Figure 2.

Nbs1 deficiency inhibits neuronal migration. (A) Brain sections of P16 mice electroporated with indicating GFP-shRNA vectors at E15.5 are shown. GFP-shLuc targeting luciferase is control and GFP-shNbs1#1 or shNbs1#2 targets Nbs1. (B) The brain cortex from (A) was equally divided into ten segments and the percentage of GFP+ cells from each segment quantified based on three to five sections from each of three (N) animals of each condition (right). Data are Mean ± SEM. Two-way ANOVA with Holm-Sidak's multiple comparison test was used for statistical analysis. *P < 0.05; **P < 0.01; ***P < 0.001; n.s. = not significant. (C) Cortical sections were imaged after staining with CUX1, a marker for recently born neurons. The right panels are enlargements of the indicated areas of shNbs1 images.

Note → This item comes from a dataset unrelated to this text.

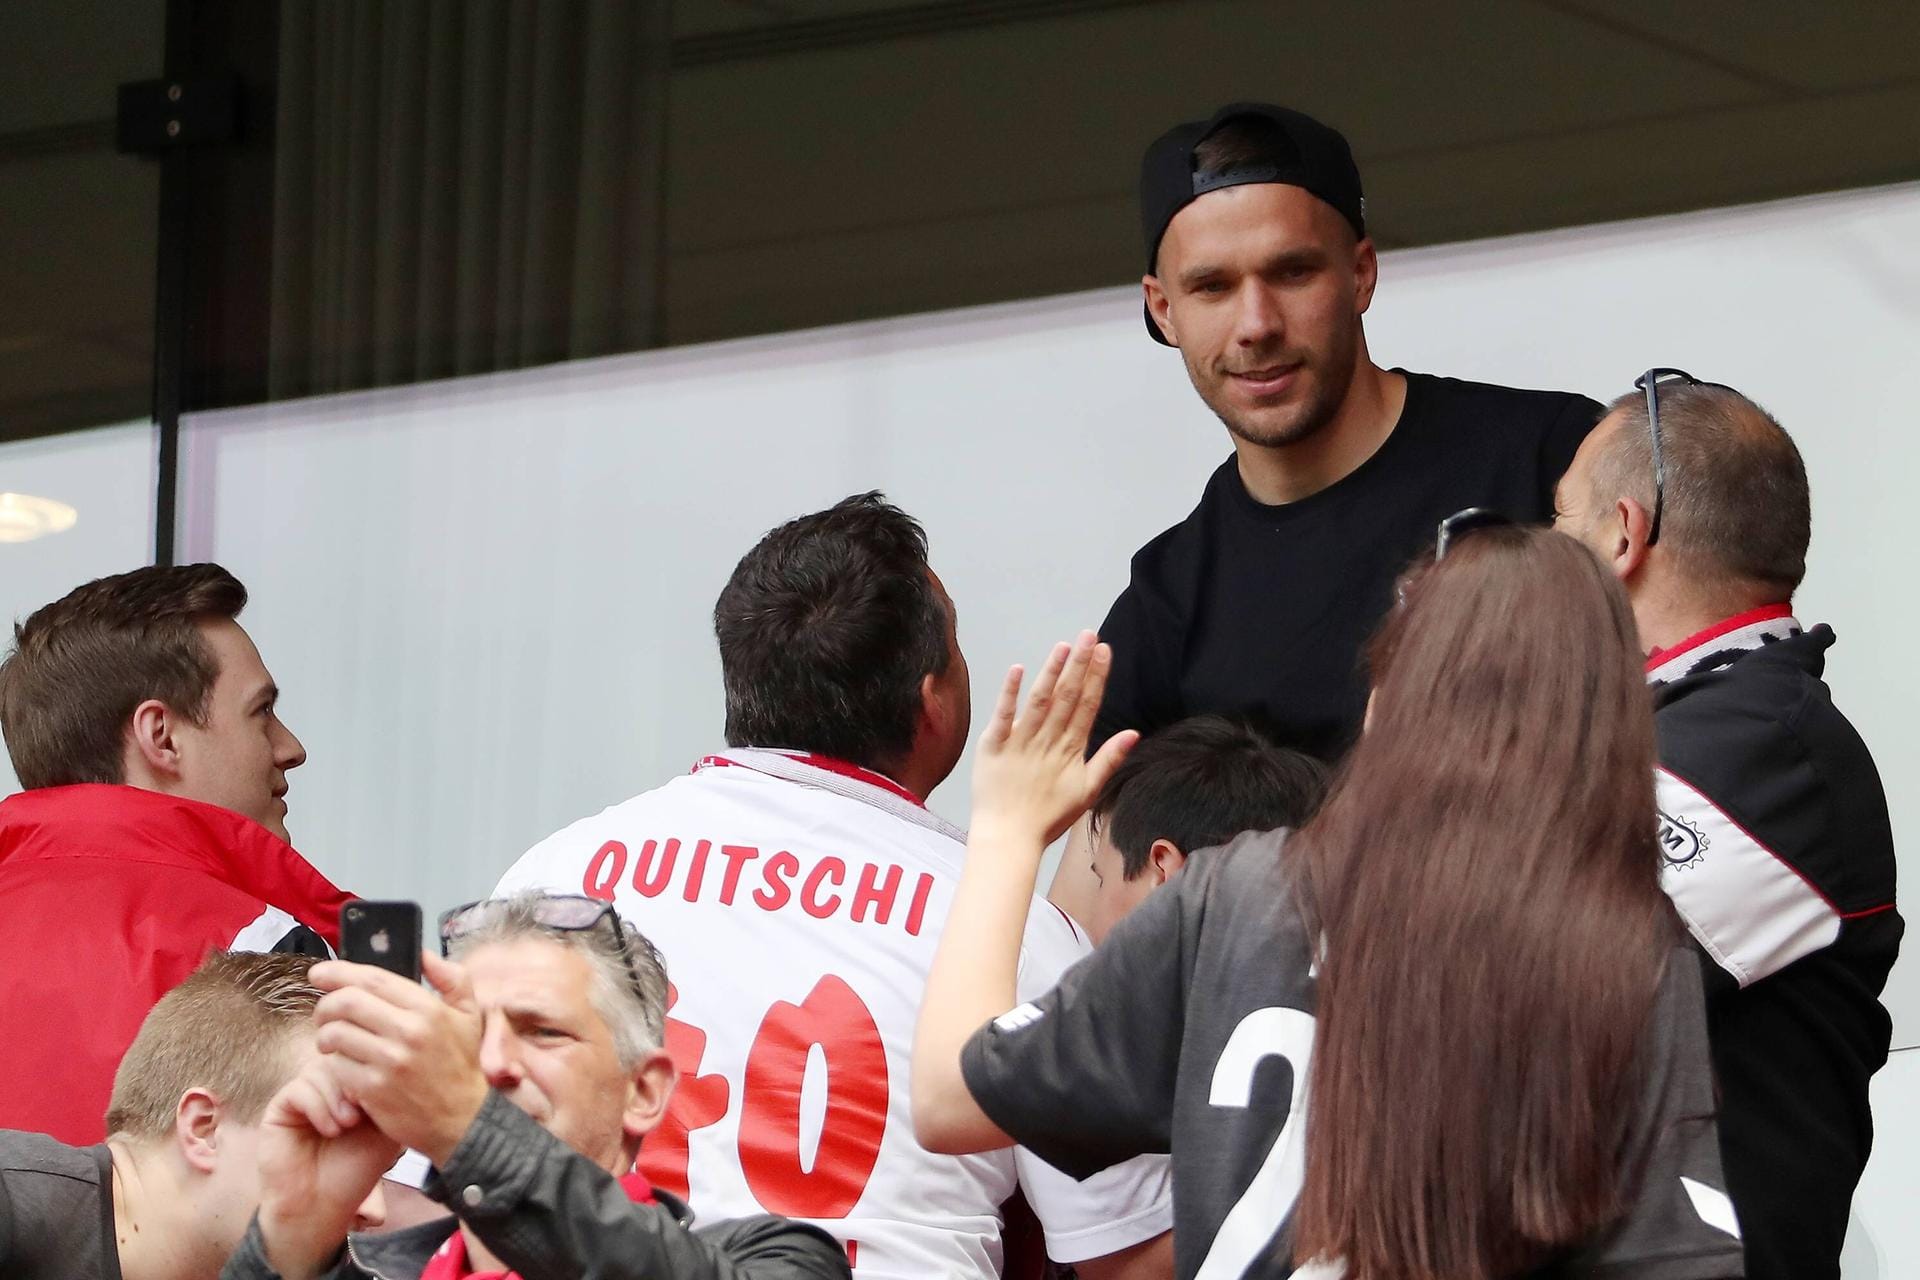 Hoher Besuch in Köln: Lukas Podolski schaut das Spiel gegen Mainz und gibt fleißig Autogramme.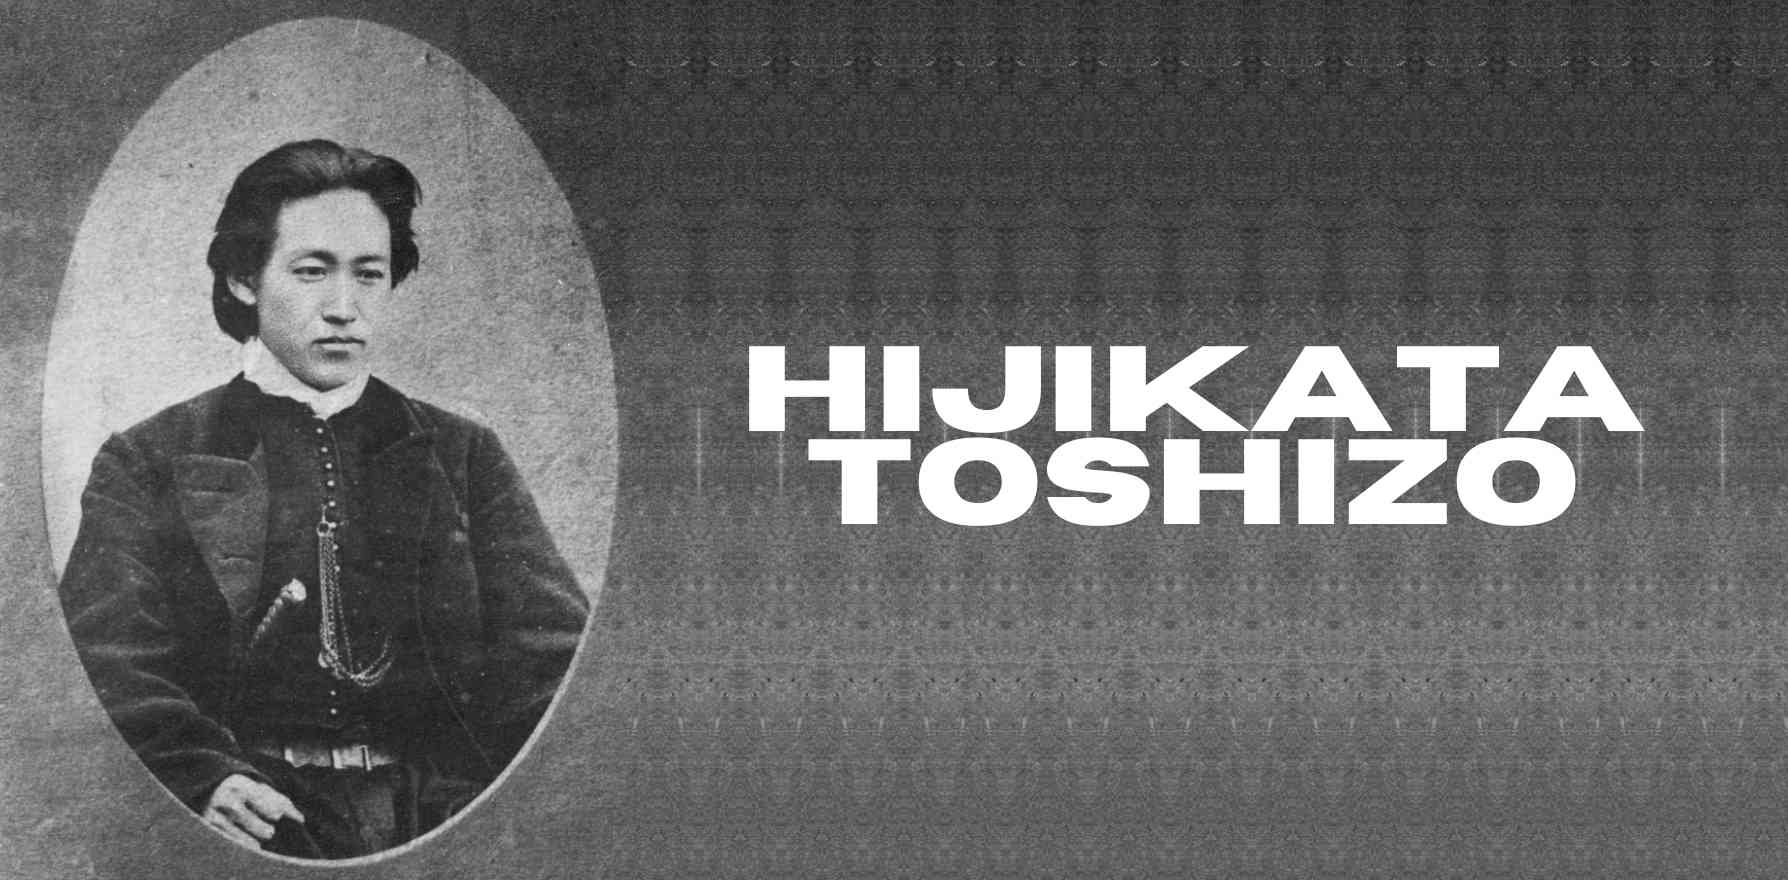 Hijikata Toshizo

Arrows indicate GFP+CUX1+ cells. (D) The layers V and VI of the cortex (C) are shown after staining with CUX1 and early-born neuronal marker Ctip2. Arrowheads indicate GFP+CUX1+Ctip2– cells. (E) In vitro transwell migration of Neuo2A cells after co-transfection with shLuc or shNbs1 together with GFP-empty vector (EV) or GFP-shNbs1-resistant Nbs1 (rsNbs1) vector. The migratory activity was analyzed 24 h after plating on the membrane. Data are Mean ± SEM of minimum three independent experiments. Statistical analysis was performed using Two-way ANOVA followed by Tukey's post-hoc test. ***P < 0.001. (F) Transwell migration assay of primary neurons from E17.5 cortex of embryos that were electroporated with indicated shRNA expression vectors at E15.5. The migratory activity was calculated as GFP+, or GFP and NeuN double-positive (GFP+NeuN+) cells among the number of DAPI positive cells counted (n). Data are mean ± SEM of at least three embryos. Statistical analysis was performed using two-way ANOVA followed by Tukey's post-hoc test. *P < 0.05, **P < 0.01, ***P < 0.001.